2004-03-04 06:50:40

by Daniel Fenert

[permalink] [raw]
Subject: Is there some bug in ext3 in 2.4.25?

Message from syslogd@lazy at Thu Mar 4 08:31:58 2004 ...
lazy kernel: Assertion failure in __journal_drop_transaction() at
checkpoint.c:587: "transaction->t_ilist == NULL"

Networking still works, I've tried to login, but no luck here.
I've got one ssh console opened, and tried to reboot, but nothing happend, it
looks like it lost connection with hda :(
Where should I look for reason?
Machine as faaar away, and it's second or third time it hangs mysteriously,
the only difference is that this time I've got some console output.

--
Daniel Fenert --==> [email protected] <==--
==-P o w e r e d--b y--S l a c k w a r e-=-ICQ #37739641-==
=======- http://daniel.fenert.net/ -=======< +48604628083 >


2004-03-04 07:03:31

by Daniel Fenert

[permalink] [raw]
Subject: Re: Is there some bug in ext3 in 2.4.25?

W dniu Thu, Mar 04, 2004 at 07:50:38AM +0100, Daniel Fenert wystuka?(a):
>Message from syslogd@lazy at Thu Mar 4 08:31:58 2004 ...
>lazy kernel: Assertion failure in __journal_drop_transaction() at
>checkpoint.c:587: "transaction->t_ilist == NULL"

One more thing - it has happened when /var got full.

--
Daniel Fenert --==> [email protected] <==--
==-P o w e r e d--b y--S l a c k w a r e-=-ICQ #37739641-==
Absurd: przekonanie sprzeczne z Twoimi pogl?dami - [Ambrose Bierce]
=======- http://daniel.fenert.net/ -=======< +48604628083 >

2004-03-05 14:07:30

by Marcelo Tosatti

[permalink] [raw]
Subject: Re: Is there some bug in ext3 in 2.4.25?


Hi,

This sounds like memory corruption (which could be caused by a misbehaving
driver or by flaky hardware) because transaction->t_ilist is not used at
all by the kernel code. Did this box run stable with other kernels?

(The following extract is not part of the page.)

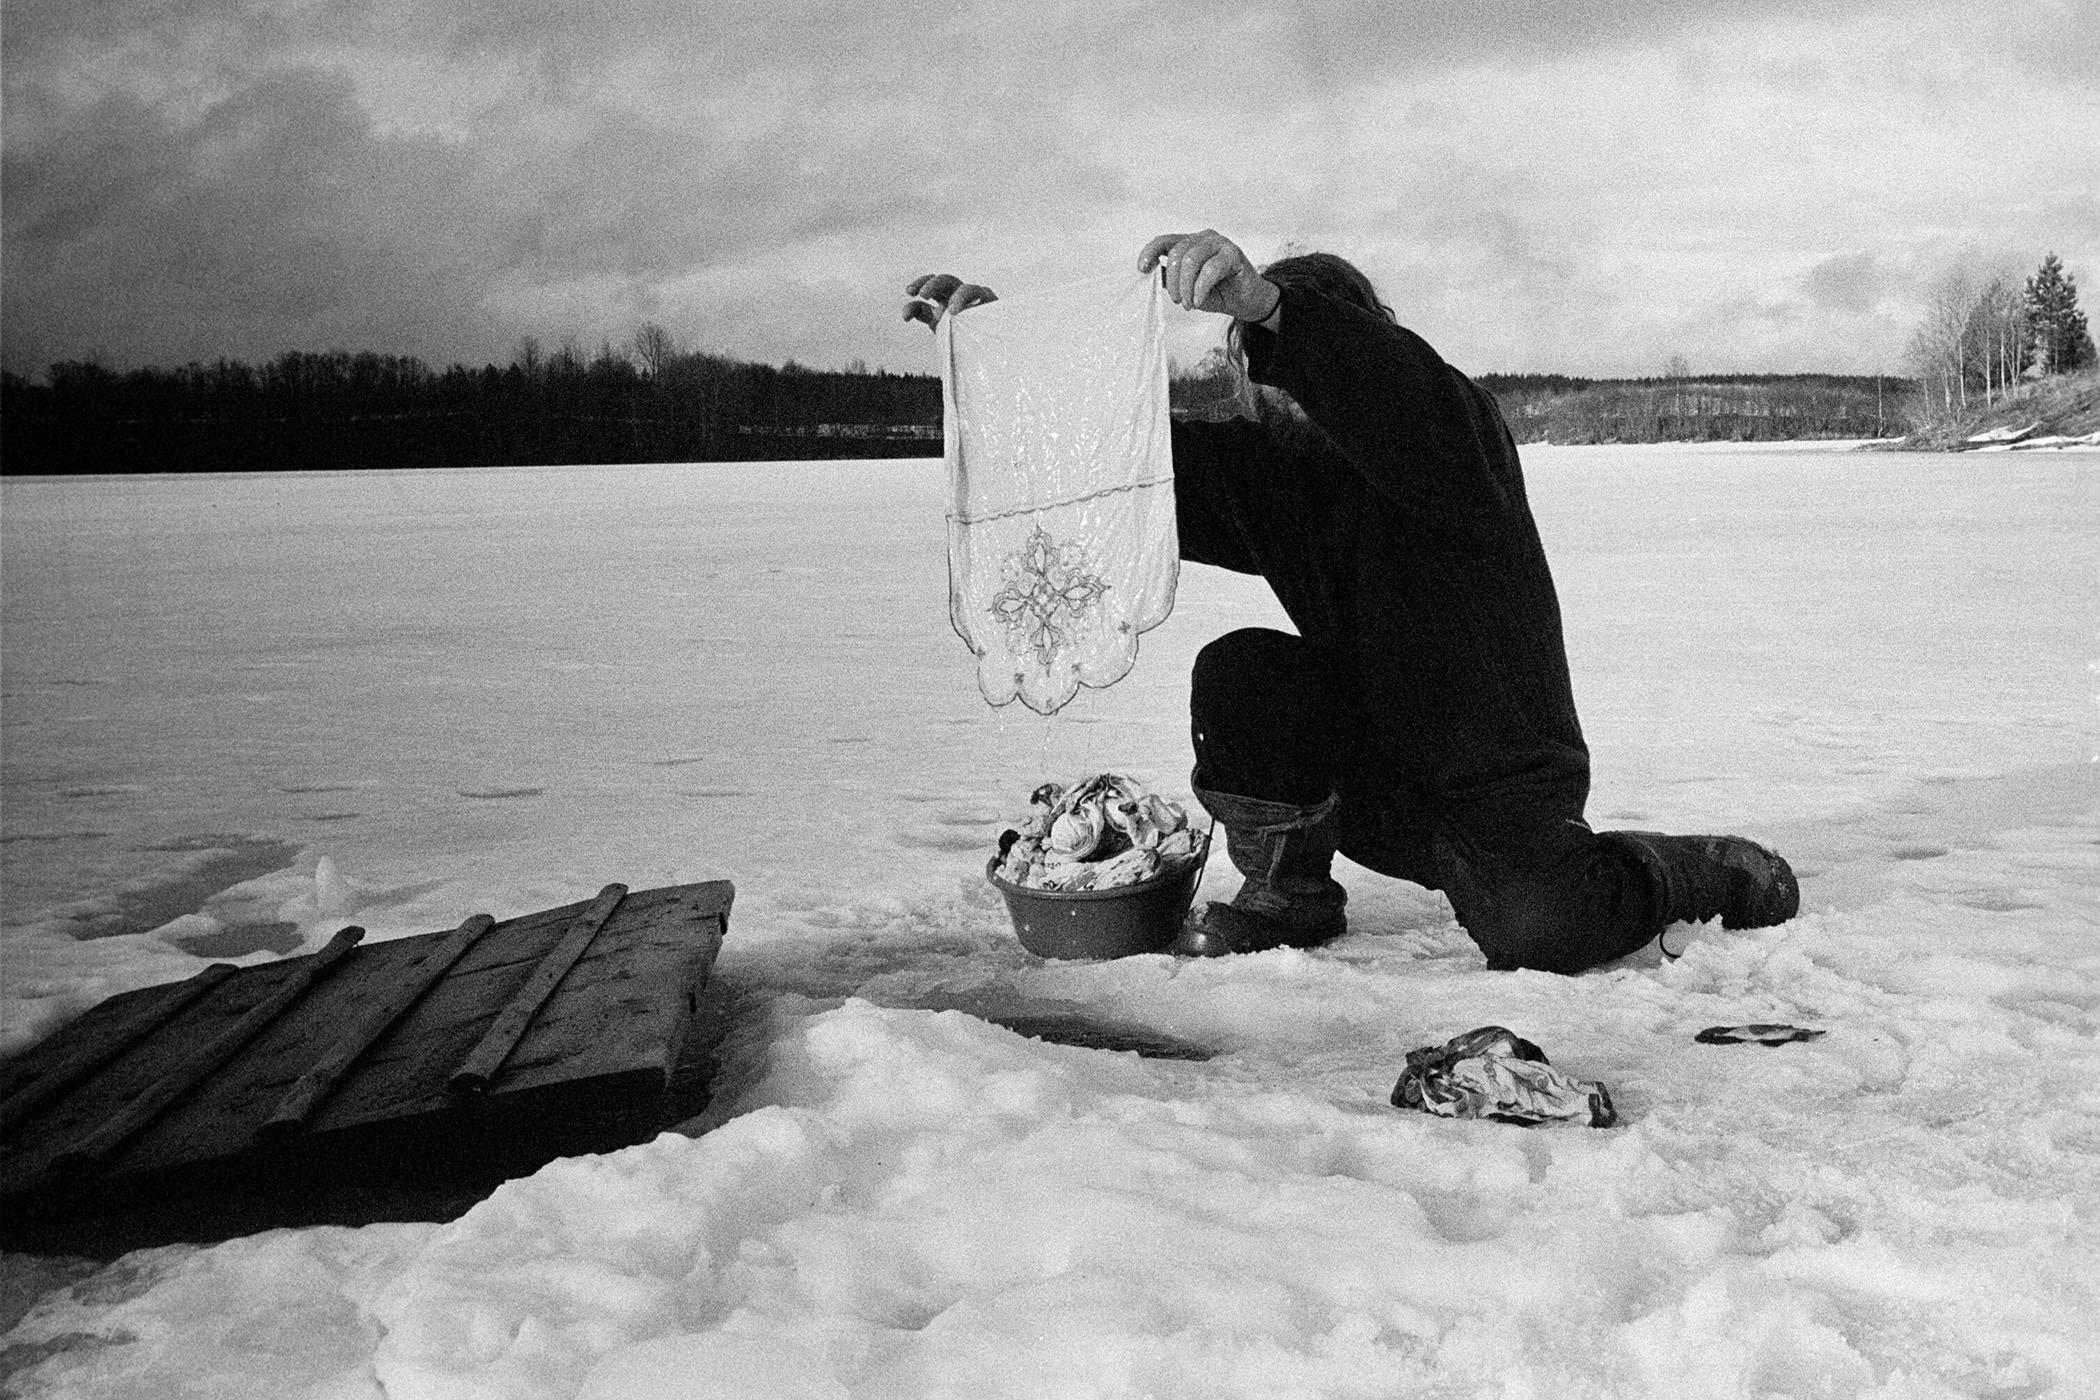 Washing in the Kolodozero lake

I found a similar report from Michelle (CCed), which can be found at:
http://marc.theaimsgroup.com/?l=linux-kernel&m=107529754608448&w=2

Searching a bit more, I found another message from Michelle with
topic "[SOLVED] Kernel-Bug (at checkpoint.c 587)"
http://lists.debian.org/debian-user-german/2004/debian-user-german-200401/msg04404.html

Unfortunately the said message is in German, which I can't understand.
Michelle, can you clarify it for me?

Stephen, Andrew, any idea how can transaction->t_ilist become not NULL?


On Thu, 4 Mar 2004, Daniel Fenert wrote:

> Message from syslogd@lazy at Thu Mar 4 08:31:58 2004 ...
> lazy kernel: Assertion failure in __journal_drop_transaction() at
> checkpoint.c:587: "transaction->t_ilist == NULL"
>
> Networking still works, I've tried to login, but no luck here.
> I've got one ssh console opened, and tried to reboot, but nothing happend, it
> looks like it lost connection with hda :(
> Where should I look for reason?
> Machine as faaar away, and it's second or third time it hangs mysteriously,
> the only difference is that this time I've got some console output.
>

>From [email protected] Fri Mar 5 10:48:26 2004
Date: Thu, 4 Mar 2004 08:03:29 +0100
From: Daniel Fenert <[email protected]>
To: [email protected]
Subject: Re: Is there some bug in ext3 in 2.4.25?

>Message from syslogd@lazy at Thu Mar 4 08:31:58 2004 ...
>lazy kernel: Assertion failure in __journal_drop_transaction() at
>checkpoint.c:587: "transaction->t_ilist == NULL"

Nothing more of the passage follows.